Конечно, прежде чем увидеть его, она почувствовала, что он здесь. Он, которого она не видела тысячу лет. Он оставался худым, длинноруким и длинноногим, но он сильно вырос и окреп. Он стал юношей. Но всё же черты его и весь его телесный состав отличались некоторой незавершённостью. Лицо его было смуглым и хмурым, брови густые чёрные над чёрными глазами.
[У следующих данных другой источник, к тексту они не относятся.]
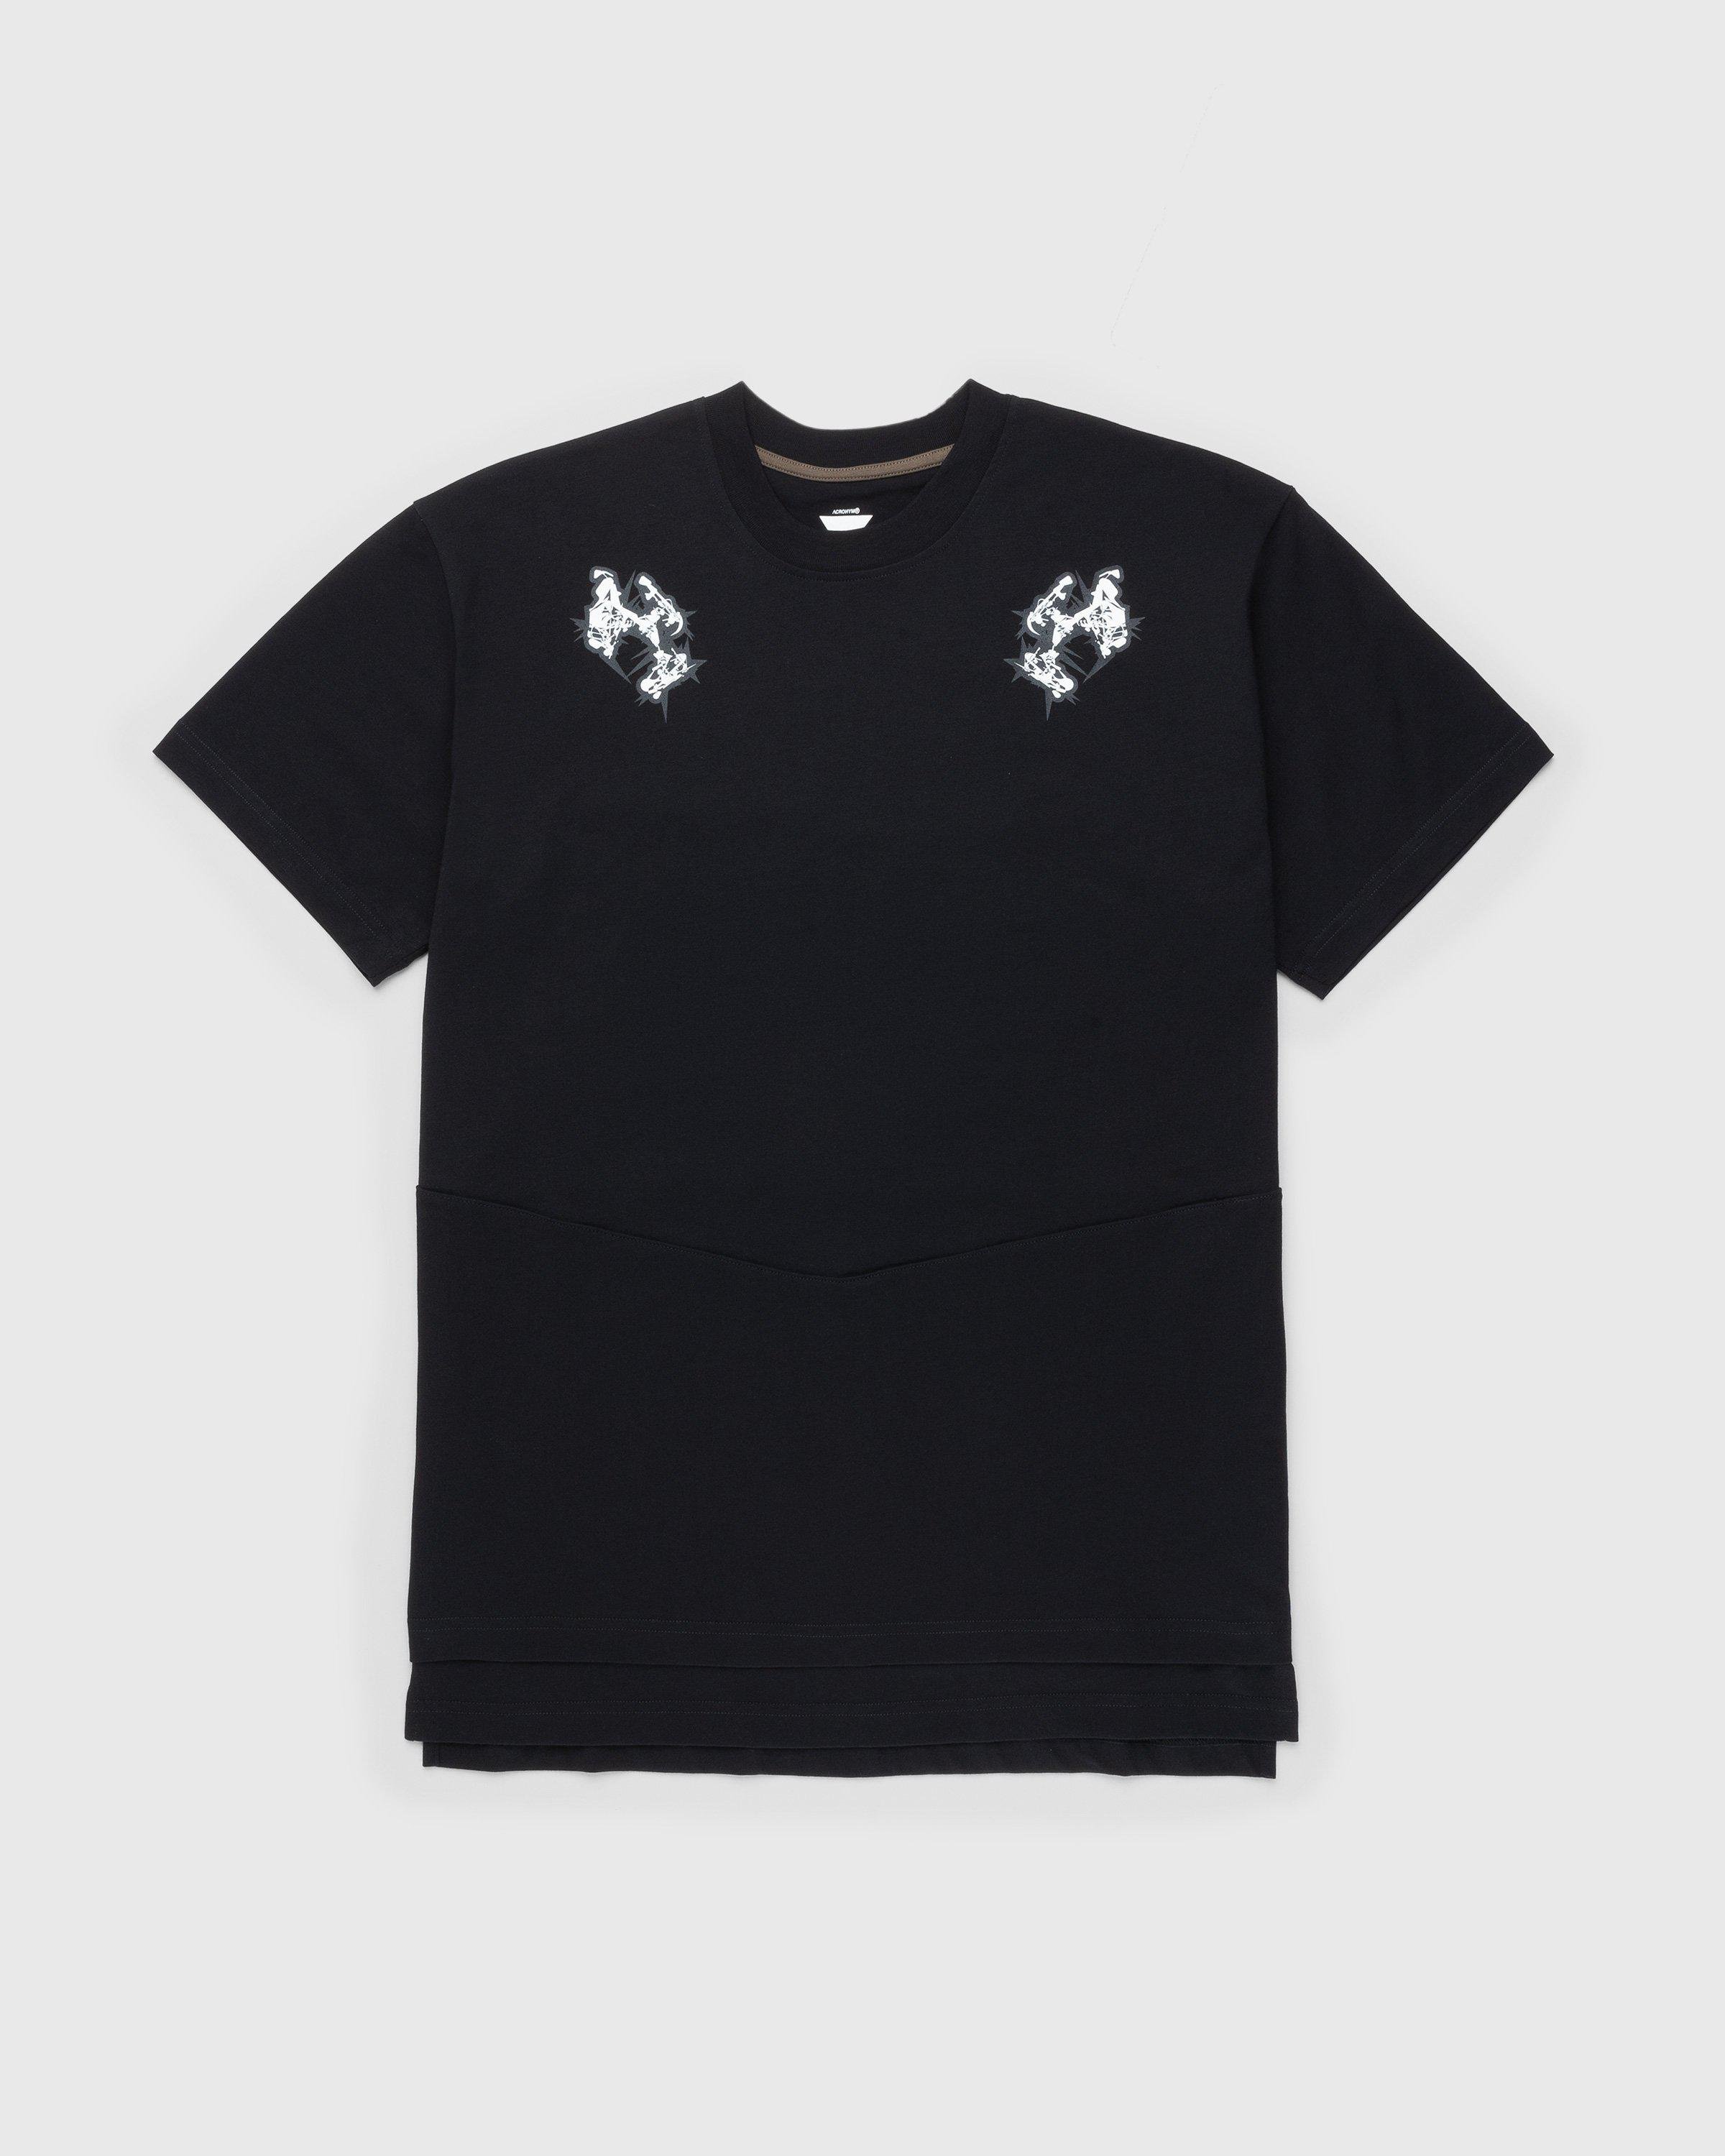 S28-PR-B Organic Cotton T-Shirt Black by ACRONYM

Она увидела сразу его лицо, как улыбнулось ей это хмурое, всё ещё мальчишеское лицо, улыбнулся большой, длинный рот, блеснув быстро белыми яркими зубами... И его голос, уже почти мужской, но всё ещё с такими мальчишескими высокими нотками-звучками, позвал её так знакомо, так родно, будто оживший вдруг отцов голос:
— Мар!..
И она почувствовала, как и её губы сложились в эту внезапную энергическую улыбку, округлившую упруго щёки, тоже такие нежно-смуглые... И вырвалось, такое радостное невольно:
— Таял!..
Они подбежали друг к другу, но сбежавшись почти вплотную, не обнялись всё же... Она завела руку назад, махнула пальцами по волосам растрепавшимся. Он сказал совсем попросту, с этими мальчишескими интонациями, что она красивая... Но она быстро проговорила, что ей надо переодеться, и побежала стремглав, мелькая в воздухе влажном, близком к земле, босыми пятками. Она чувствовала радость, радость освобождения и предвкушения новизны. Отвеяв с дороги, будто ненужную шелуху, разговоры о Цезаре и чтение «Галльской войны», живая жизнь прибежала вновь прямо на Маргариту длинными сильными ногами, мальчишескими, мужскими...
Ели, хохотали беспричинно, играли в египетские шашки, хохоча то и дело. О политике речи не было, слова «Цезарь», «Помпей», «Рим» не произносились. Она уже знала, что нынешней ночью случится то, что давно уже должно было случиться. Она не боялась, ждала радостно, нетерпеливо, уже совсем недолго...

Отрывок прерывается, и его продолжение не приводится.